This year, I’m not making any resolutions. Forget it. I’m not going to suddenly jump on the treadmill five days a week, start taking pottery classes, dive into those books that have been accumulating on my nightstand, or do any of the other zillion things I’ve been meaning to do.
It’s not that I don’t want to improve my health or learn something new, I just know that if I make these resolutions, I’ll end up breaking them, just like the nearly 90 percent of Americans who make New Year’s resolutions do each year.
But why is it so hard to keep our resolutions? And what can we do to stick to our goals?

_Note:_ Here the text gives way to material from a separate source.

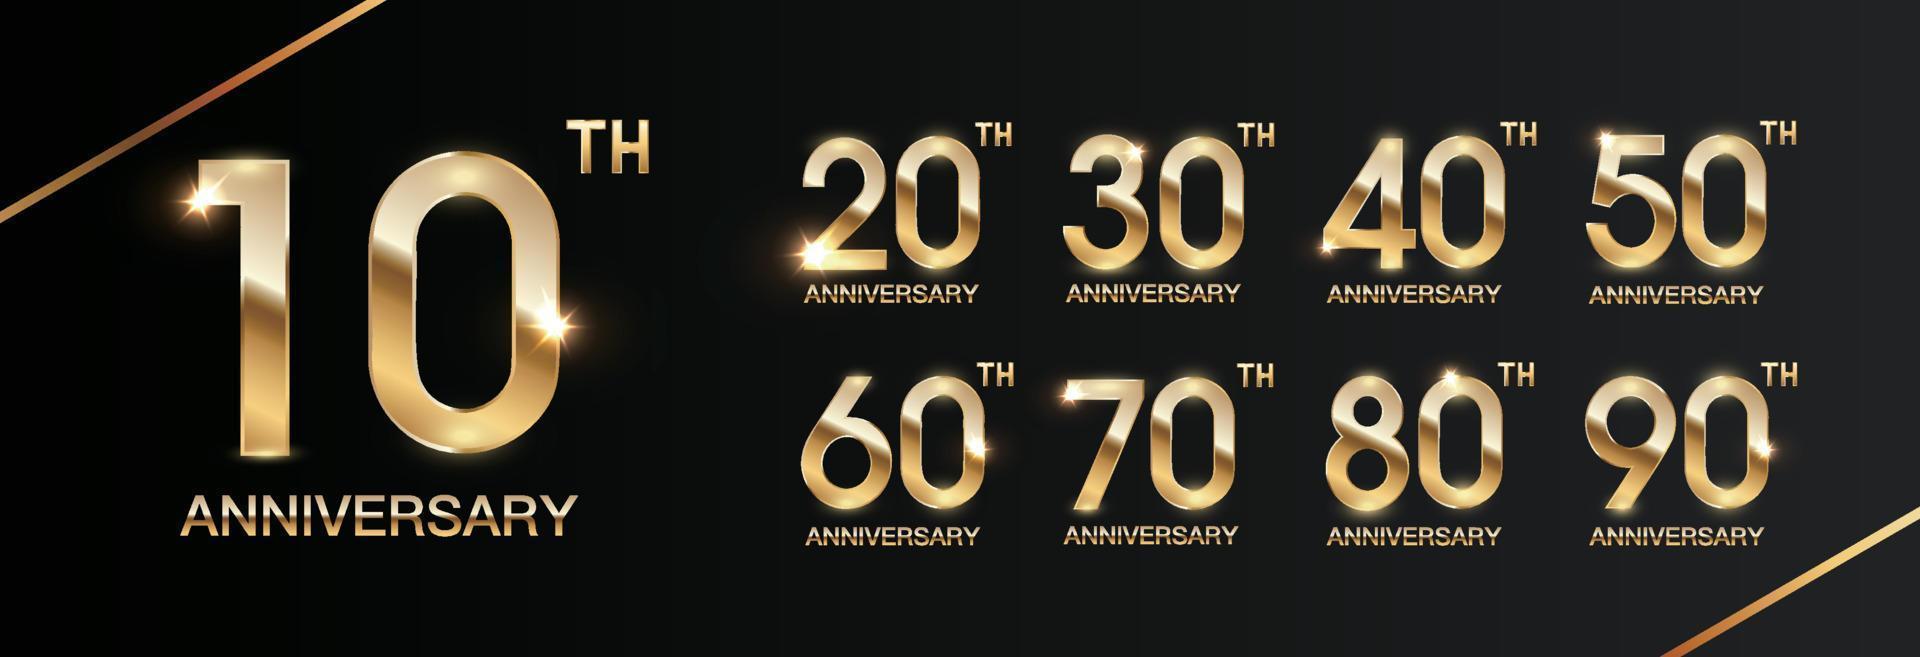 Set of anniversary celebration template design with golden text for anniversary celebration event. vector

I was just reading an old article in the Wall Street Journal on New Year’s resolutions that quotes Stanford University neuroeconomics professor Baba Shiv. In the article, Shiv said the reason most resolutions fail is because our brains simply can’t handle it. Basically, the more information you try to stuff into your brain, he said, the more willpower you lose as your brain experiences a cognitive overload. To test this theory, Shiv ran an experiment:
“A group of undergraduate students were divided into two groups. One group was given a two-digit number to remember. The other was given a seven-digit number to remember. Then, after a short walk through the hall, they were offered the choice between two snacks: a slice of chocolate cake or a bowl of fruit. What’s most surprising: The students with seven-digit numbers to remember were twice as likely to pick the slice of chocolate compared to the students with the two-digits. … Those extra numbers took up valuable space in the brain — they were a ‘cognitive load’ — making it that much harder to resist a decadent dessert.”
Crawl Before You Walk
Apparently, in the fight between brainpower and willpower, willpower loses. But what if your resolutions are business-related? What if you’ve resolved to get your office more organized, beef up your social media presence, pay more attention to new HVAC technologies, and so on?

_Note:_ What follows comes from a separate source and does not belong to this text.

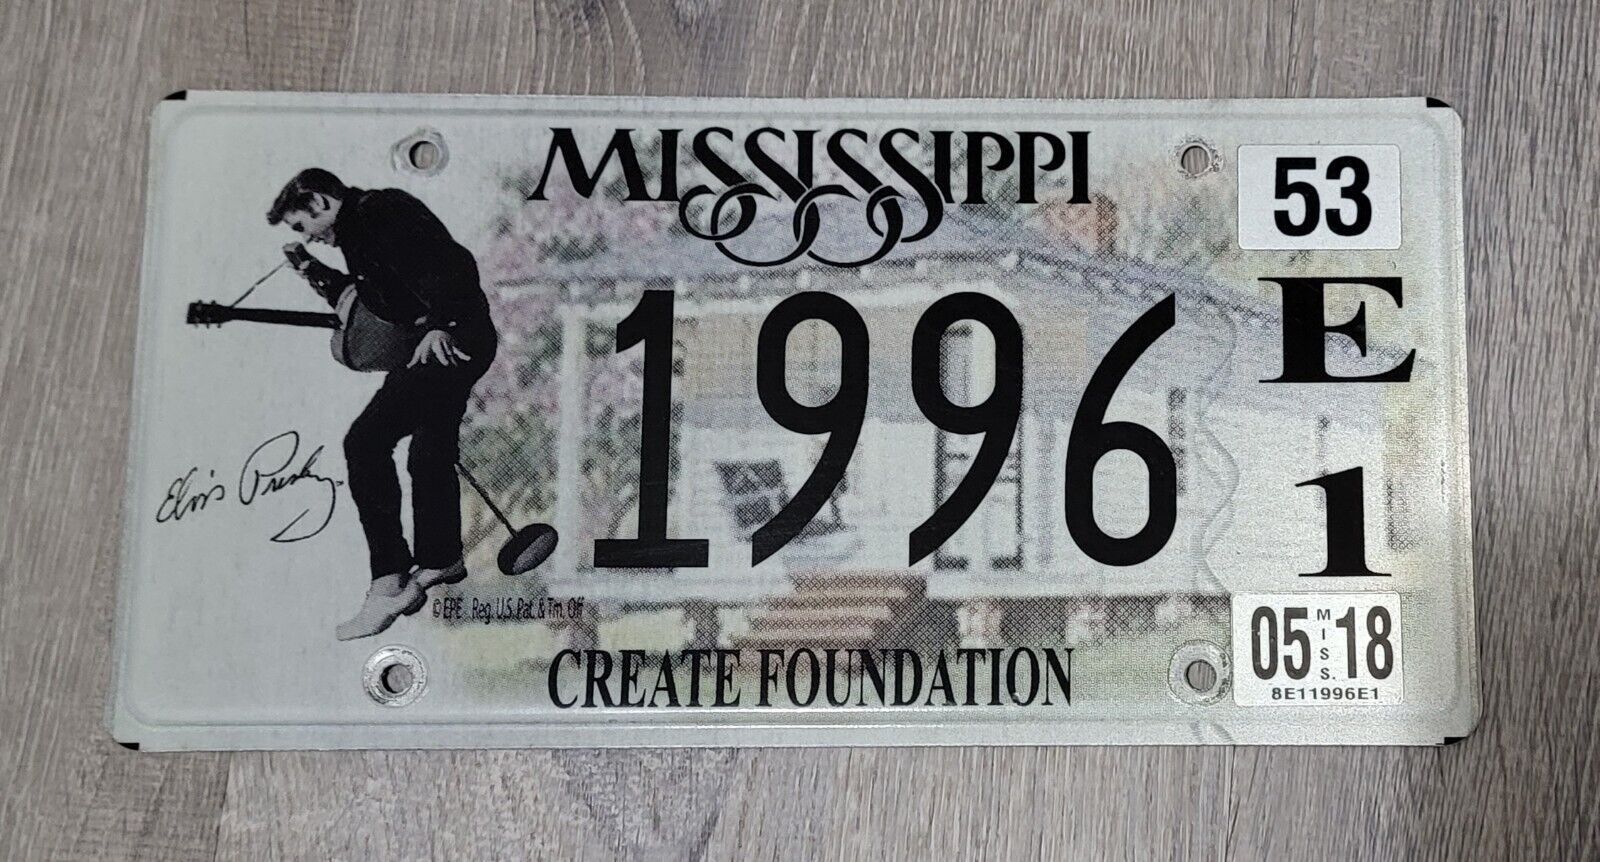 Expired Mississippi License Plate Create Foundation Elvis Presley

Another Stanford brainiac, B.J. Fogg, who heads up the persuasive technology lab at the university, said making permanent changes starts with changing your daily habits, one habit at a time. So, instead of setting a vague goal like “get organized,” a better approach would be to dedicate the first 10 minutes of each workday to straightening up your work area and organizing your emails. Once you’ve mastered that, move on to the next habit to change. Baby steps — they add up.
So, enough of this resolution nonsense. It’s the first week of a whole new year, and we’re all compelled to do something drastic and change things about ourselves and businesses, but that’s not realistic. If we want to make changes — real, permanent changes — it’s going to take time, patience, and dedication.
I have my own goals for 2014. I have a step-by-step, realistic plan to achieve them. I am going to take 2014 by the horns, wrestle it to the ground, and own it. How about you?